Tube Investments Of India Limited vs The Assistant Collector Of Central ... on 9 December, 1992

Equivalent citations: 1993(42)ECC181

ORDER
 

Srinivasan, J.
 

1. The question which is raised by learned Counsel for the petitioner is that the demand is barred by limitation under Section 11-A of the Central Excises and Salt Act. The question turns on the interpretation of the section. Learned Counsel also refers to the facts of the case and submits that the assessment in this case cannot be said to be provisional within the meaning of Sub-section (3)(S)(bt) of Section 11-A of the Act. It is a question which will depend upon the facts of the case and the construction of the section. Admittedly, an appeal lies against the impugned order of the Collector (Appeals) to the Tribunal.
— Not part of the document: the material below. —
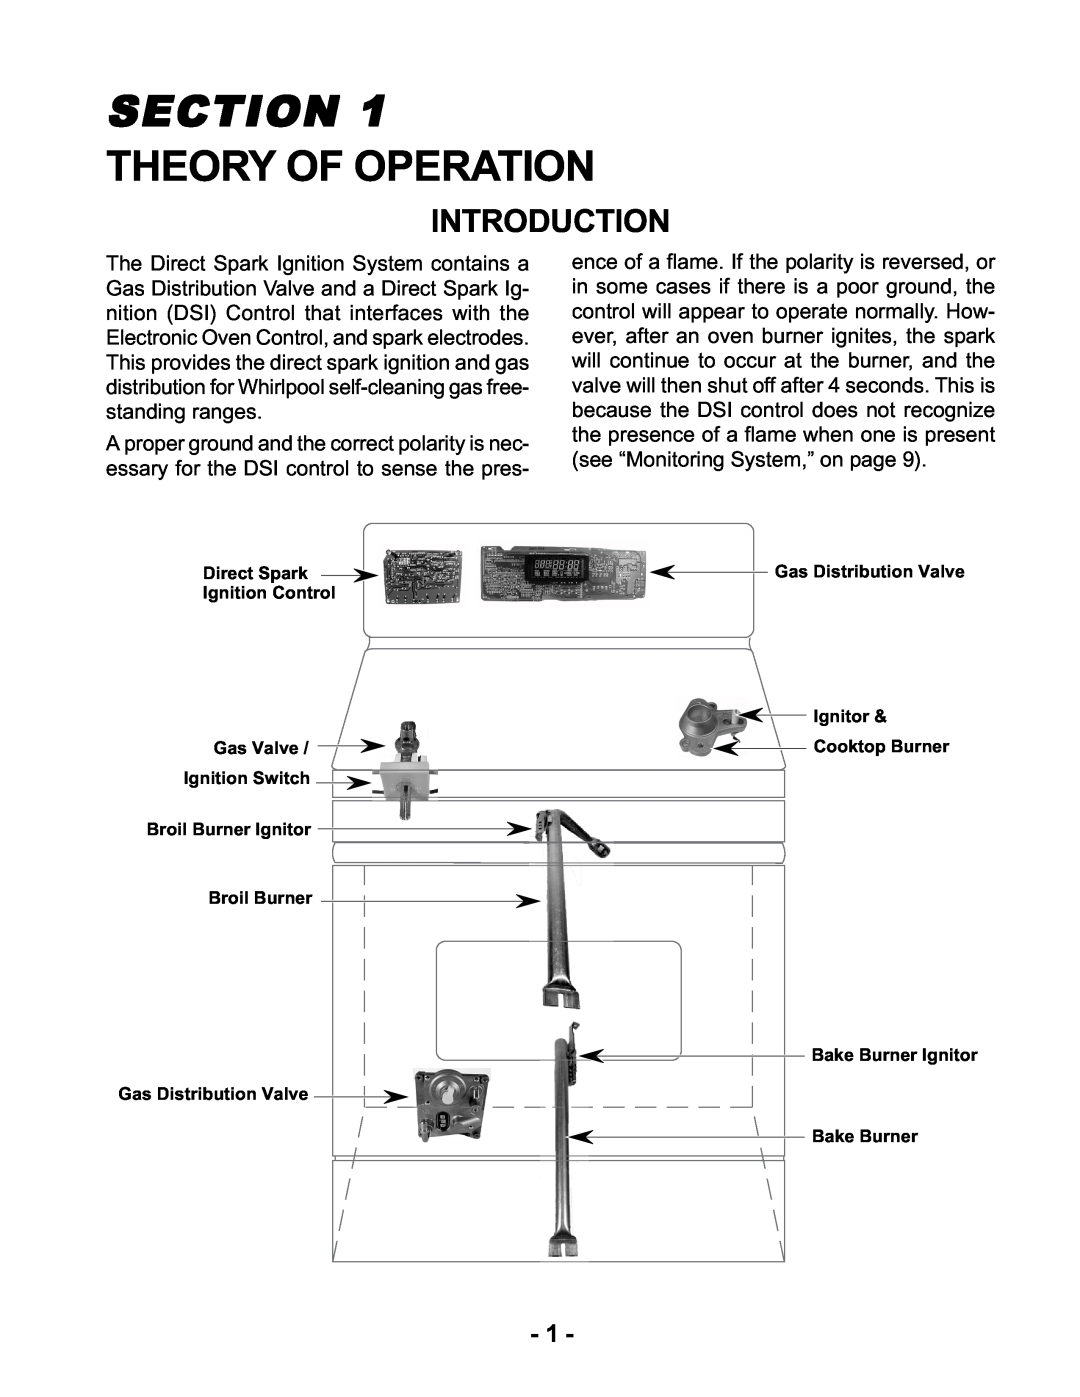 Whirlpool KR-28 manual Section, Theory Of Operation, Introduction

2. Learned counsel for the petitioner submits that the Tribunal has not been taking a uniform view with regard to the interpretation of Rule 9-B of the Central Excise Rules, 1944. It is stated in the affidavit that the Special Bench at Delhi has held in one case that if the clearance is provisional for one respect, it is provisional for all respects. It is further stated that the same Bench in another case has held that if there is a clearance provisional for one purpose, it cannot be provisional for any othcr purpose. It is also averred in the affidavit that the Southern Regional Bench in CCE v. Indian Tyre & Rubber 33 ELT 613 (T) has referred the case under Section 35-G of the Act to this Court. A copy of the reference has been produced. It is seen-therefrom that the question referred to this Court is, When a provisional assessment is made under rule 9-B of the Central Excise Rules, 1944 on any of the permissible ground(s) allowed thereunder, is it lawful to hold that the assessment as a whole is provisional so as to save a claim for refund on a different ground from the operation of time-bar, or whether the provisionality is restricted to the only ground(s) on the basis of which provisional assessment was initially resorted to?
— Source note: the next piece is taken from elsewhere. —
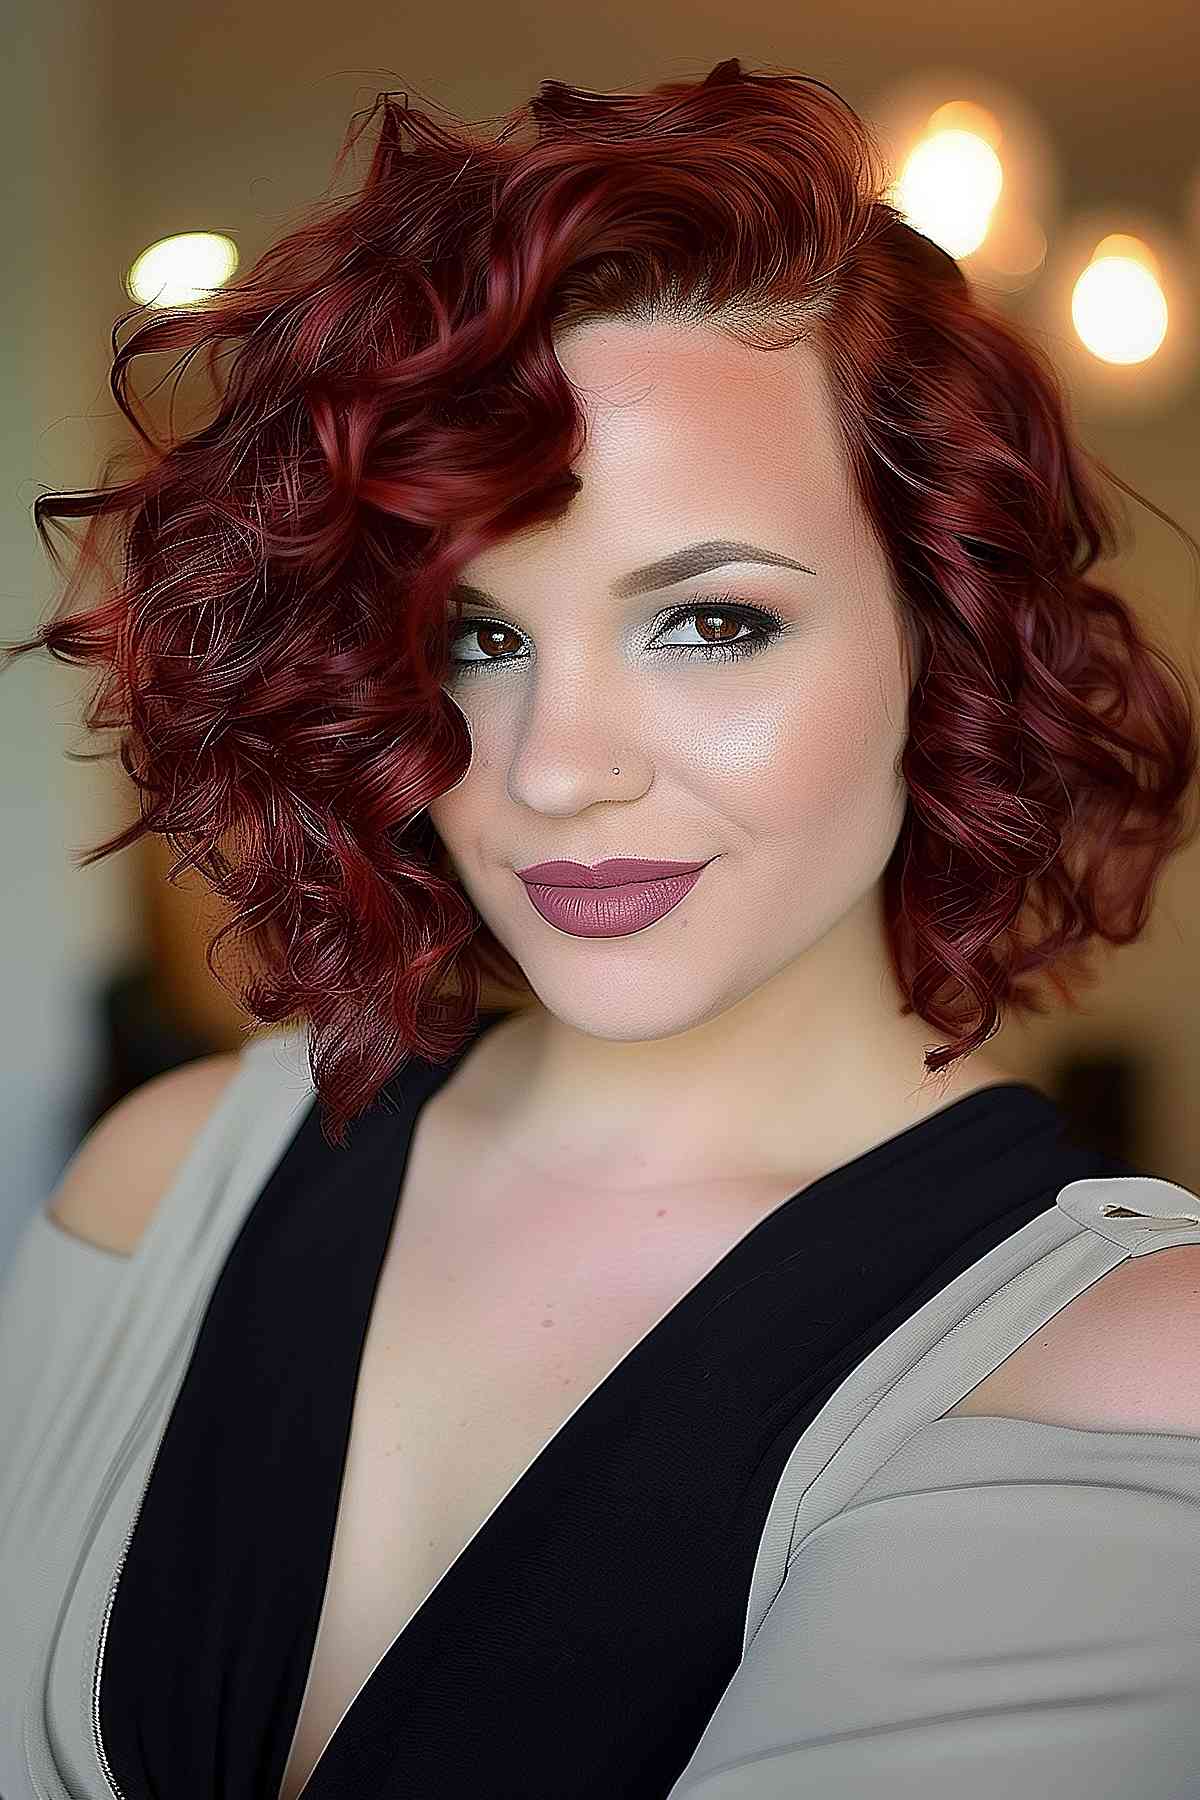 Short and curly cherry red hairstyle for a playful, voluminous look.

3. Just because a reference is made on the question whether provisional assessment for one purpose will be provisional for all purposes, it cannot be contended that the remedy by way of statutory appeal is illusory or ineffective. When there is a clear statutory alternative remedy available, it is for the petitioner to avail of the same and not to resort to Article 226 of the Constitution of India. The Supreme Court has recently pointed out in Shyam Kishore v. Municipal Corporation of Delhi that whenever a statutory remedy is provided which will effectively deal with the matter, it is not open to this Court to entertain petitions under Article 226 of the Constitution of India.

4. In that view, I refuse to entertain this Writ Petition and dismiss the same. It is open to the petitioner to approach the Tribunal and raise all the contentions available to him under the law.

5. Learned Counsel for the petitioner prays for stay of recovery proceedings till the appeal is filed by the petitioner herein before the appropriate authority. I directed the petitioner to issue notice to the Standing Counsel for the respondents and Mr. V.T. Gopalan, Senior Central Government Standing Counsel, appeared for the respondents. After hearing him, I grant stay of recovery proceedings for the collection of the amount set out in the petition pursuant to the order dated 25.1.1992 in C.No. IV/16/123/90(T) for a period of one week i.e., till 16.12.1992. The Writ Petition is dismissed with the above observation. There will be no order as to costs.